Human Motion Aware Text-to-Video Generation with Explicit Camera Control

Taehoon Kim, Chanhee Kang, JaeHyuk Park, Daun Jeong, ChangHee Yang, Suk-Ju Kang, Kyeongbo Kong

Published: 01 Jan 2024, Last Modified: 26 Jul 2025WACV 2024EveryoneRevisionsBibTeXCC BY-SA 4.0

Abstract: With the rise in expectations related to generative models, text-to-video (T2V) models are being actively studied. Existing text-to-video models have limitations such as in generating complex movements replicating human motions. These model often generate unintended human motions, and the scale of the subject is incorrect. To overcome these limitations and generate high-quality videos that depict human motion under plausible viewing angles, we propose a two stage framework in this study. In the first stage a text-driven human motion generation network generates three-dimensional (3D) human motion from input text prompts and then motion-to-skeleton projection module projects generated motions onto a two-dimensional (2D) skeleton. In the second stage, the projected skeletons are used to generate a video in which the movements of a subject are well-represented. We demonstrated that the proposed framework quantitatively and qualitatively outperforms the existing T2V models. Previously reported human motion generation models use texts only or texts and human skeletons.
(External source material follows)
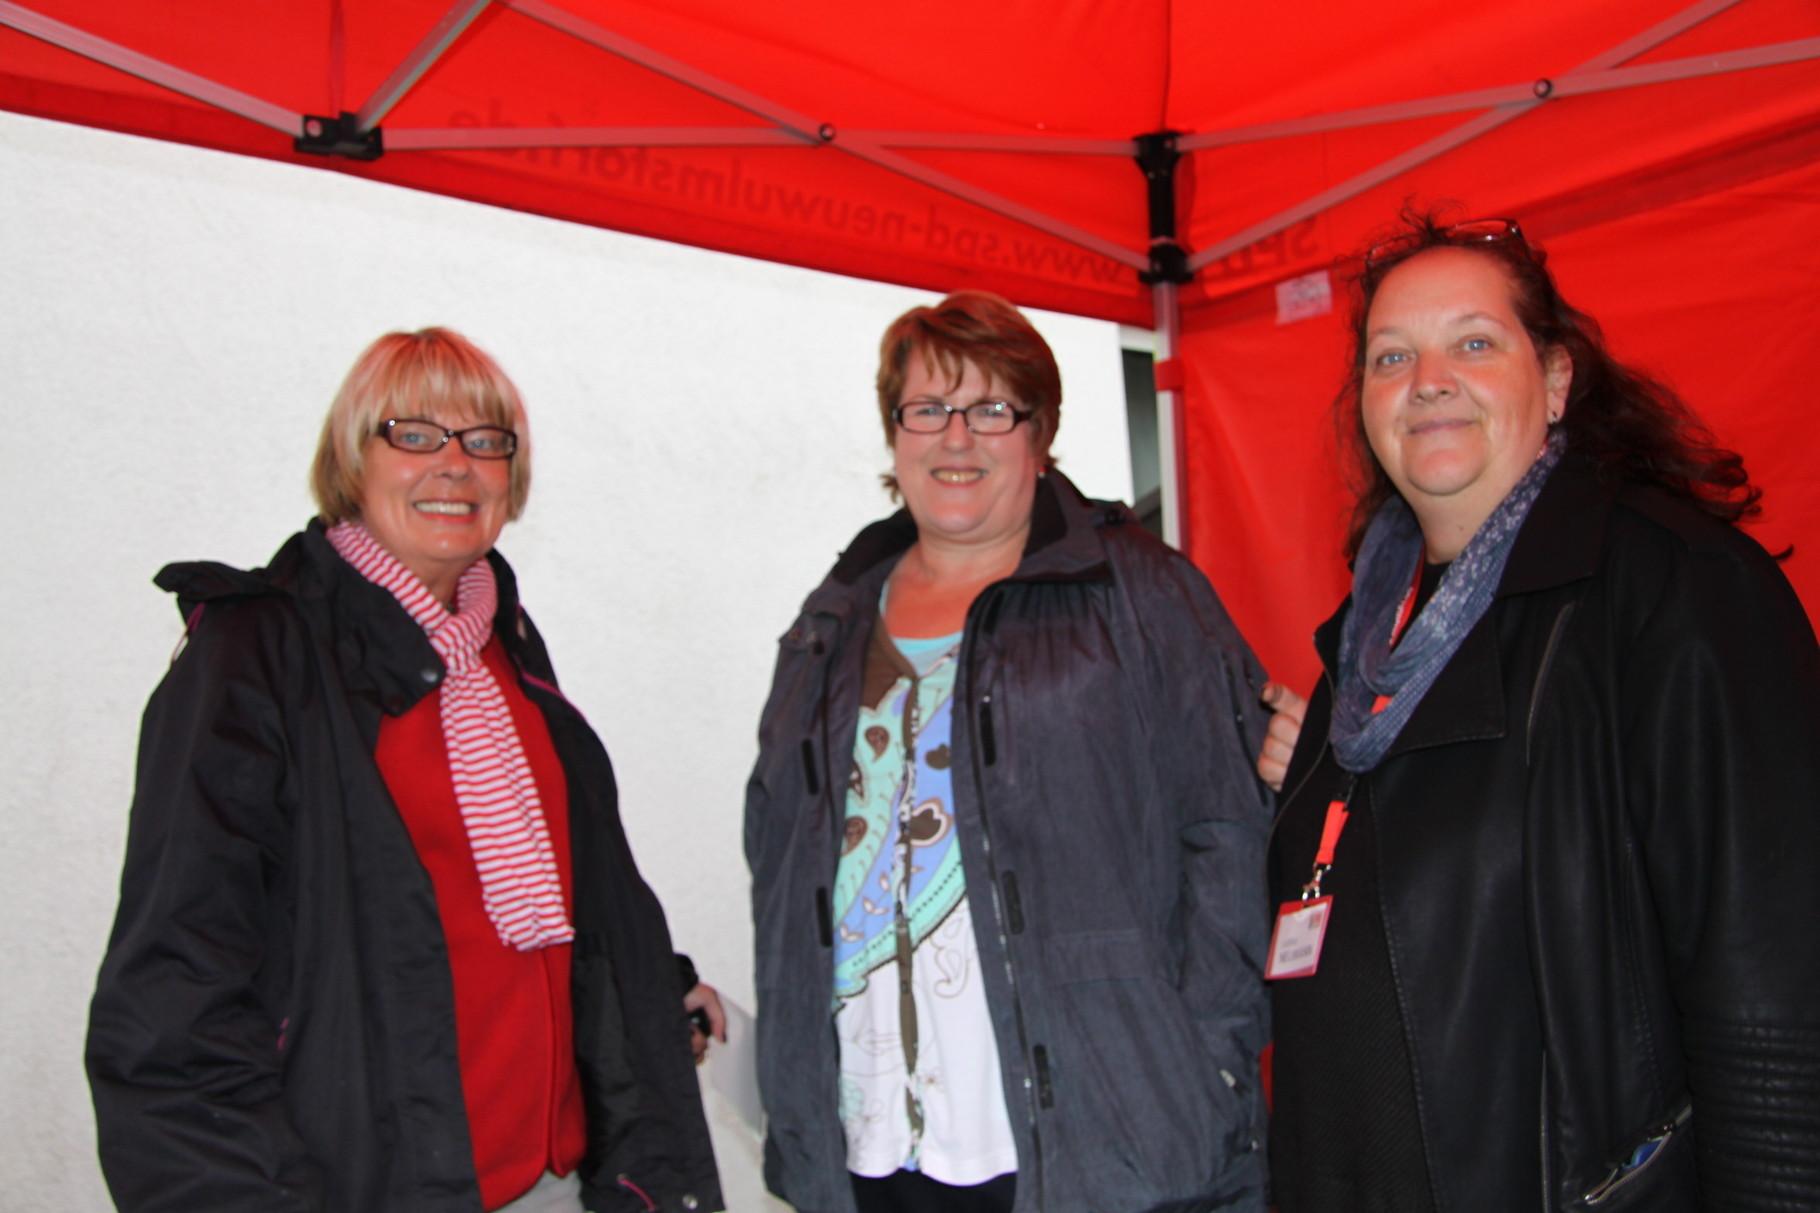 ste..v. Bürgermeisterin Rosy Schnack (SPD), Mitte, im Gespräch mit Sylvia Karasch (li.) und Sabine Neumann (SPD)
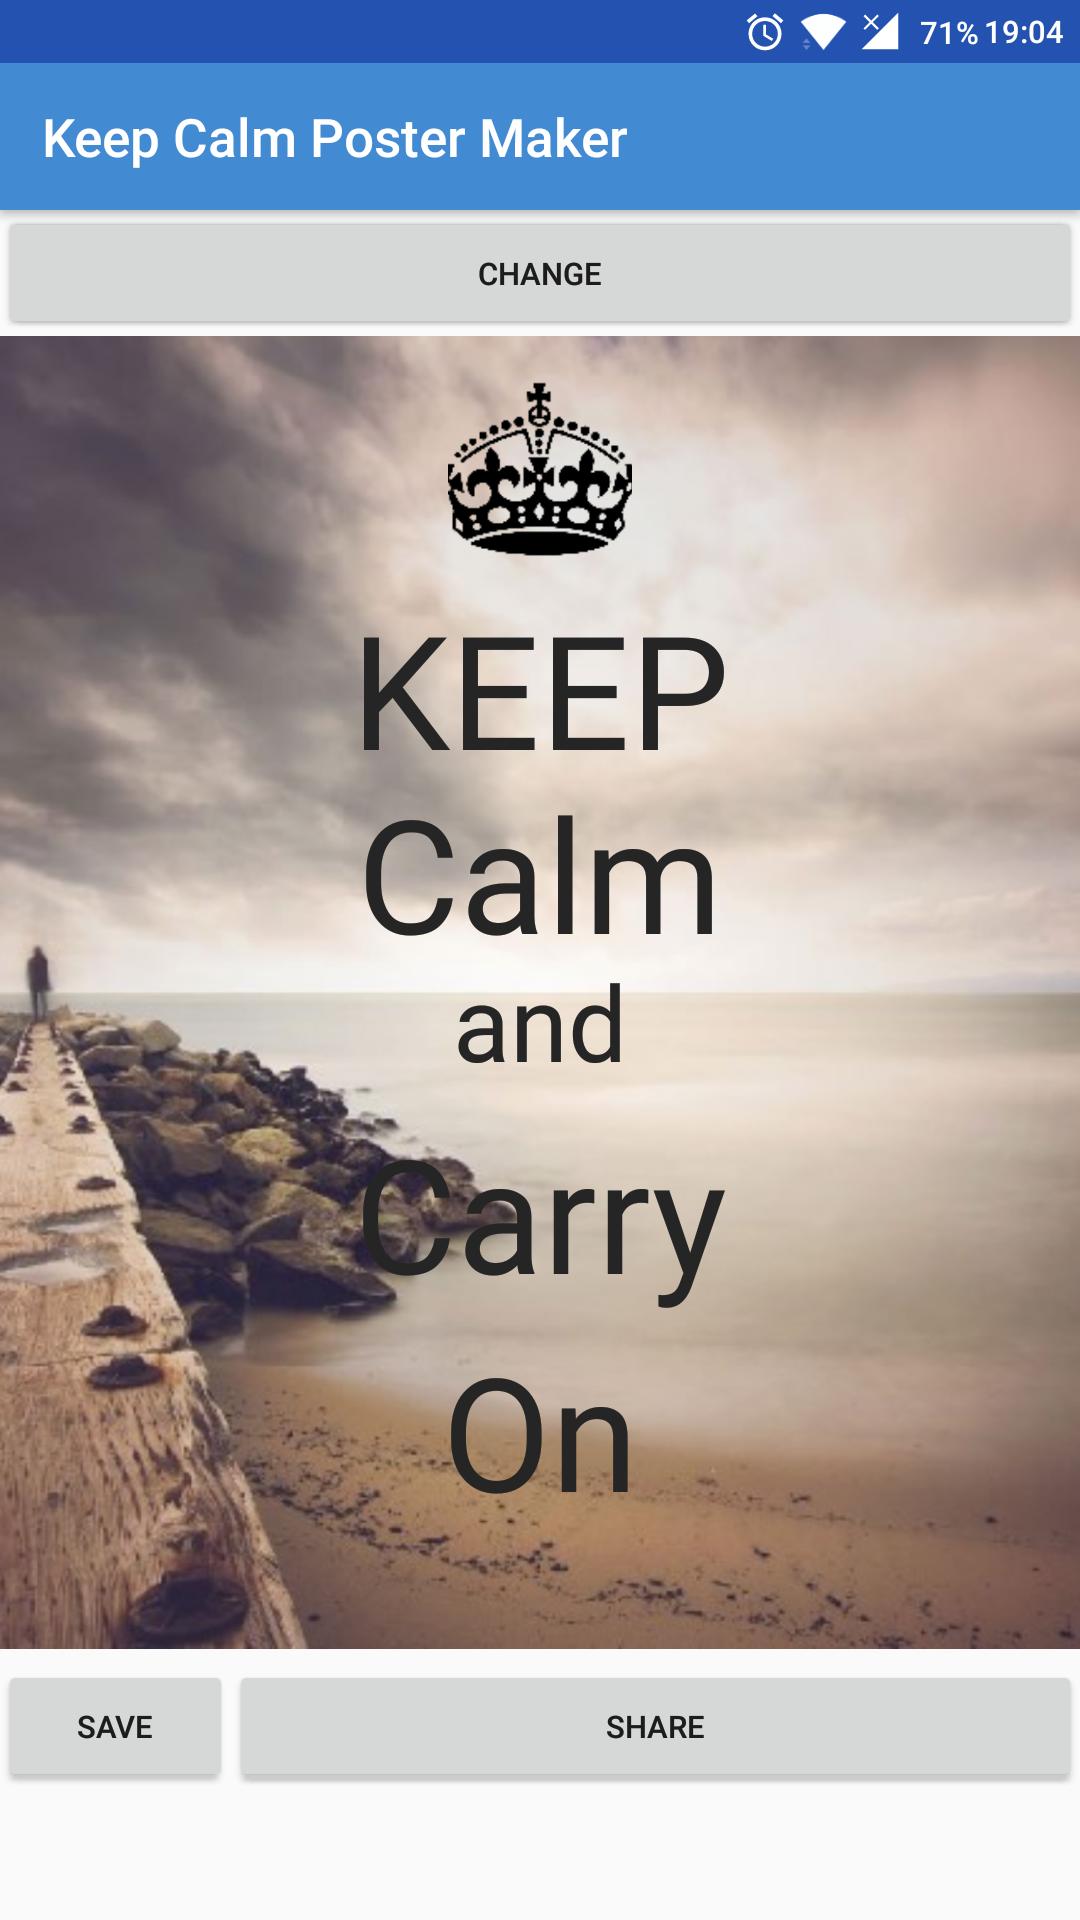 Rar Descargar Keep Calm Poster Maker: Amazon co uk: Appstore

However, our framework only uses texts and outputs a video related to human motion. Moreover, our framework benefits from using skeleton as an additional condition in the text-to-human motion generation networks. To the best of our knowledge, our framework is the first of its kind that uses text-driven human motion generation networks to generate high-quality videos related to human motions. The corresponding codes are available at https://github.com/CSJasper/HMTV.